A fifth difference is fish feeding; by feeding your fish from the growth, the fish eat naturally and you don’t have to buy and add packaged food to the water (which creates nutrients). Very few if any aquarium animals eat chaeto, so the only option is to remove the chaeto and either throw it away or give it to a friend. For algae scrubbers, it depends on the growth: Slime growth, although full of absorbed nutrients from the water, is usually not eaten by aquarium fish and thus is scraped off and thrown away or used as garden fertilizer. Green hair algae however is eaten by almost all herbivore fish and many snails (it’s their food in nature), and thus some of the growth can be fed back to the fish, especially in freshwater where algae scrubbers almost always grow this type of growth. More fish feeding info here: http://algaescrubber.net/forums/show…h-to-your-fish
A sixth difference is overgrowth of algae on the lights. Chaeto reactors usually have a large surface area light (such as a long coiled light strip), and the illumination from these is not enough to “burn” off algae growth on the surface of the clear wall (this growth reduces illumination output). You will need to clean these clear surfaces in order to keep the illumination at full output. Most algae scrubbers use discrete (separate) high power LEDs which produce enough illumination in a small space to burn off algal growth on clear surfaces; for these you do not need to wipe the growth off because it does not grow there.
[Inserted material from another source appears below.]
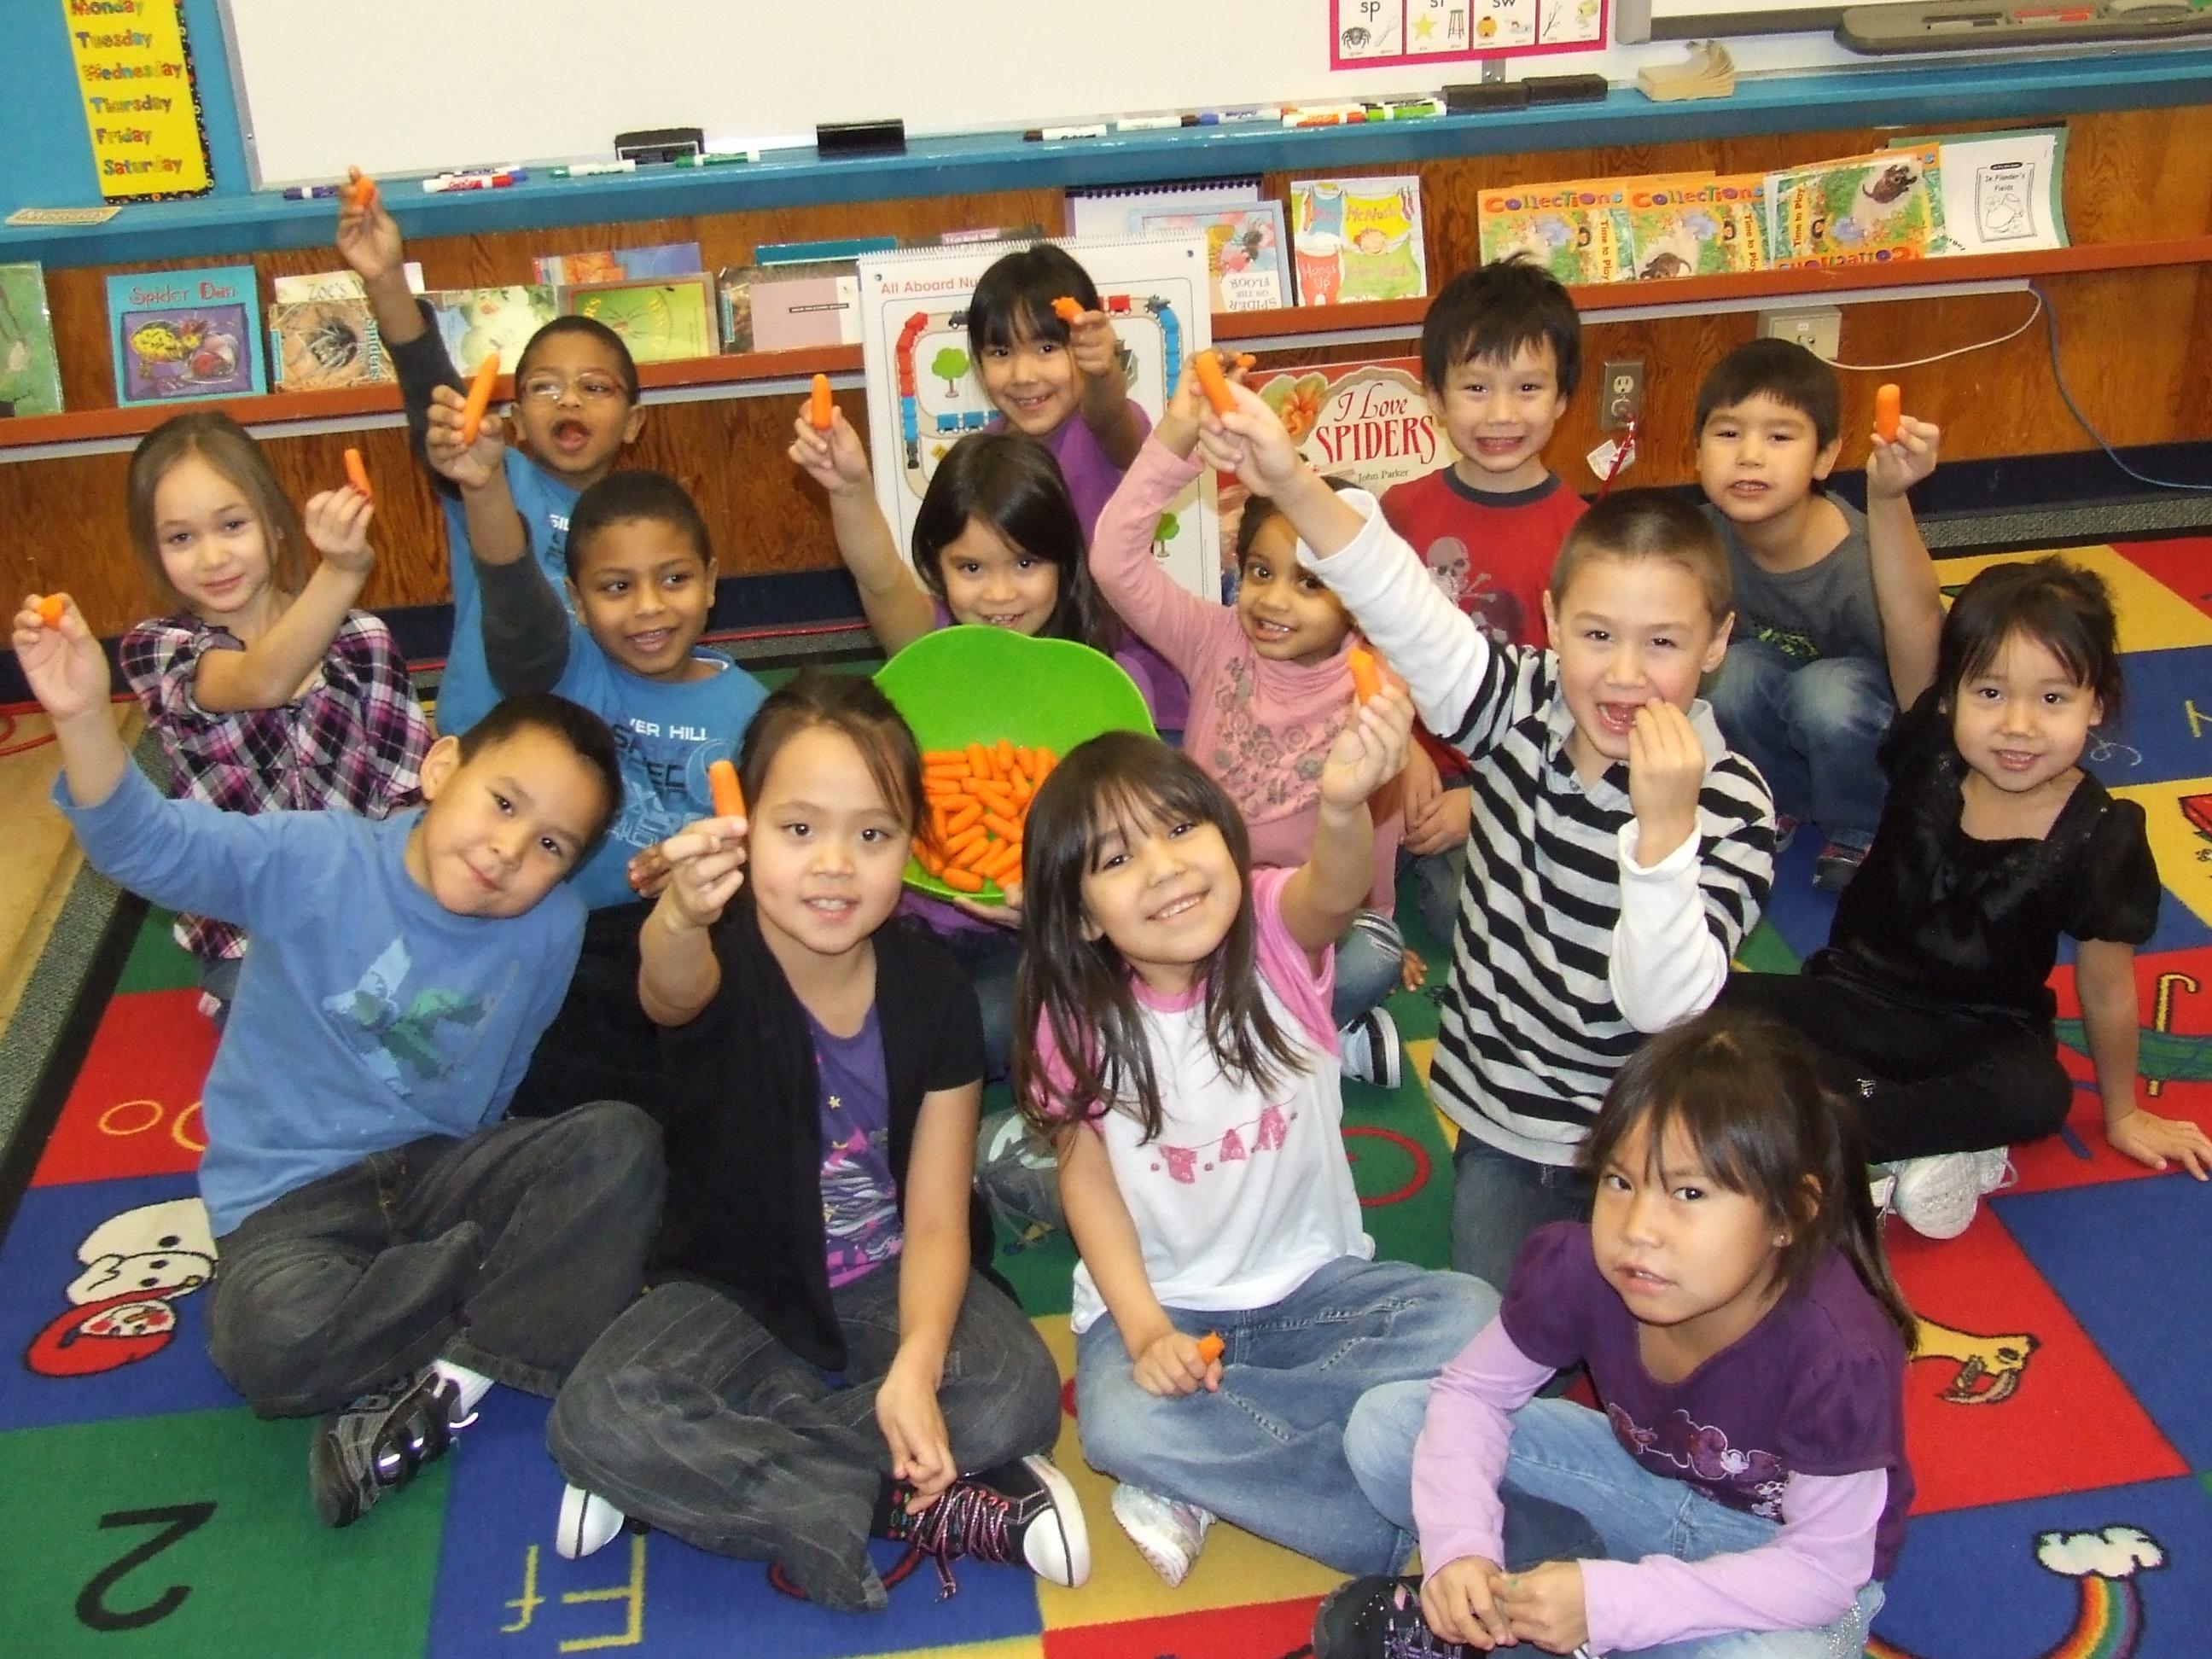 Children in classroom eating carrots

The final difference is overgrowth of algae on the algae itself. Chaeto is a slow growing species of algae because of its thick cellular structure, and if conditions favor faster growing algae (like slime) you will get slime or green hair algae which attaches on top of the chaeto, causing the chaeto to be blocked from light and flow, and eventually causing the chaeto to die and rot (“crash”). There is no easy way to wipe slime or green hair algae off of chaeto; the chaeto must just be harvested earlier instead. For algae scrubbers, green hair algal growth on top of more green hair growth is how scrubbers operate in the first place, so earlier harvesting is not needed.